I stop suddenly. My advisor. I need to tell him first. I pivot back toward the teachers’ lounge.
I enter his office, knocking on the opened door. Dr. Jack Wells sprawls in his office chair behind his desk, squinting at me behind the sheen of his glasses. I tell him what I know.
“When do you plan to return?”
“I don’t know,” I say, relieved he didn’t apologize or offer up empty condolences I don’t know how to respond to. “A few days? A week maybe, I don’t really know. I have to find my sister. I’m sure she’ll come skulking back in a day or two.”
“You’ll fall behind in your studies. That gallery opportunity is only two months away.” Dr. Wells scrapes a hand through his black hair. His face is long, lean, and tanned, his eyes quick and dark like a raven’s, absorbing everything, even light. He’s the best professor of photography in the South.
I tighten my grip on my camera strap. I need to be back by then. I will be. The gallery competition for the Metropolitan Museum of Art is huge. The winner’s prints will be displayed next to the likes of Annie Liebowitz and Steve McCurry. Not to mention the included internship and stipend with Photography magazine. With Dr. Wells’ guidance, I’ve made it through the preliminary rounds. I’m a finalist. This can make my career. “I know.”
He frowns. “The committee needs to see your submission by February 7th. That’s only three weeks away. Are your prints prepared?”
“They will be.”
“Do you have a ticket yet?”
My heart stutters in my chest. No, of course I don’t. How much is it going to cost? I try to remember my bank account balance. It won’t be enough.
The hard lines of his face soften. “You can reimburse me later.
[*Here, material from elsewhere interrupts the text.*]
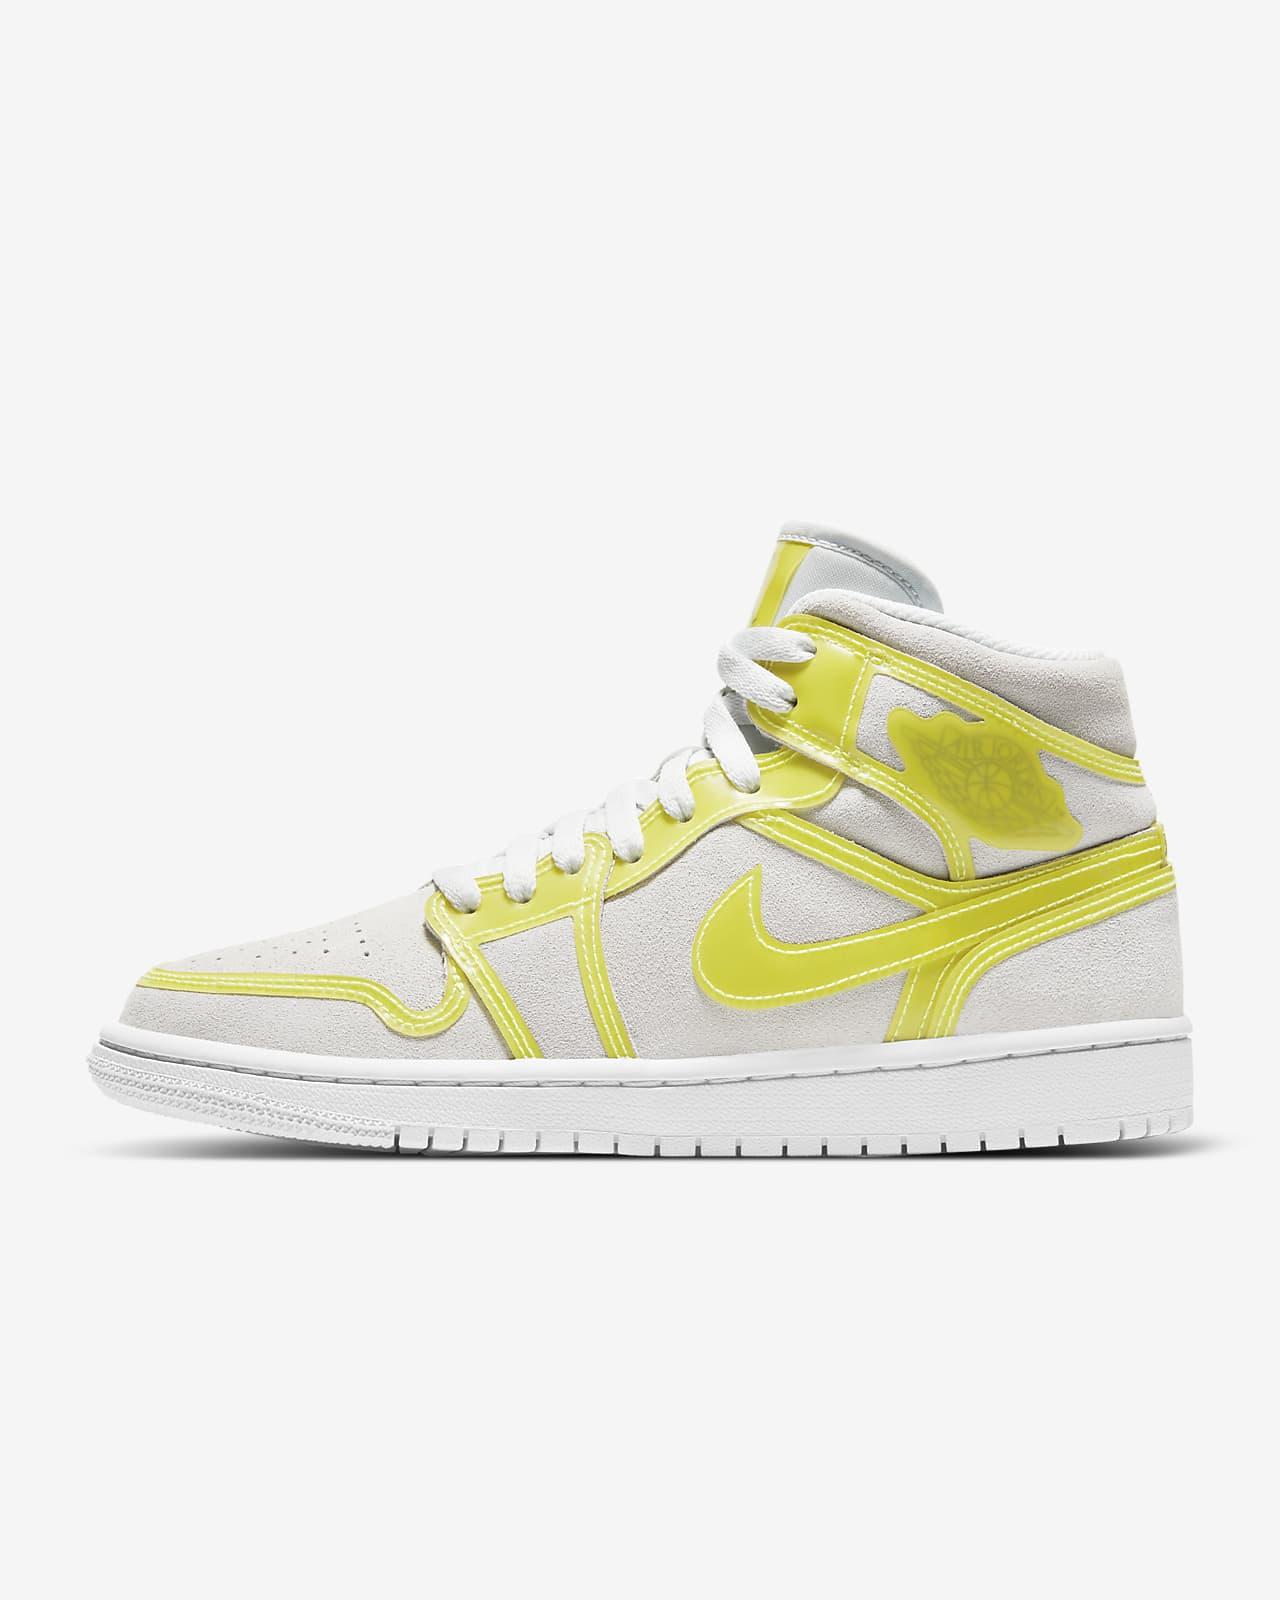 Air Jordan 1 Mid LX Women's Shoe

Just get back as soon as you can.”
I nod. It’s all I can do. “Thank you.”
“I’ll call the dean with the ticket details.”
I get to the dean’s office somehow, obtain my father’s hospital information, and hurriedly pack a few bags. I take a taxi to the airport. I don’t look back at the University of Tampa campus rapidly fading from view, the square, squat buildings casting long shadows in the brilliant white sunshine, the palm trees rustling in the breeze. If I did, I
might not have the strength to leave.
On the plane, I try to read, but the sentences keep jerking on the page, my gaze unable to settle on more than two or three words before sputtering off in some other direction. I can’t find a comfortable position because I’m stuck in a middle seat between an overly muscular WWF wannabe who keeps slinging his bulk across my armrest and a snoring business-type with his own giant-sized pillow. The zippered end pokes into my ear. The air is hot and stuffy and smells like salted peanuts. The grinding drone of the plane’s engine bores into my brain.
I stare out the oval window across snoring Pillow-guy, into the cold blackness and the wheeling fleet of stars. How am I going to do this? How can I keep things together, take care of everything? At school, it’s simple. How easily everything in life comes, the scholarships, the grades, the friends, when they’re all frivolous, when it doesn’t really matter. When the only things that matter are already gone, or almost gone, as good as gone, already put aside in my safe, tidy compartment of lost things.
Except they aren’t gone, not even all that lost: my father maybe dying in a hospital bed, my sister roaming the streets, ribbons of smoke trailing behind her, stalking circles of lamp light like an alley cat. And then the house, crouching silently, empty but breathing, rattled with tremors, the shivers of guilt, of loneliness, of secrets, just like a living thing.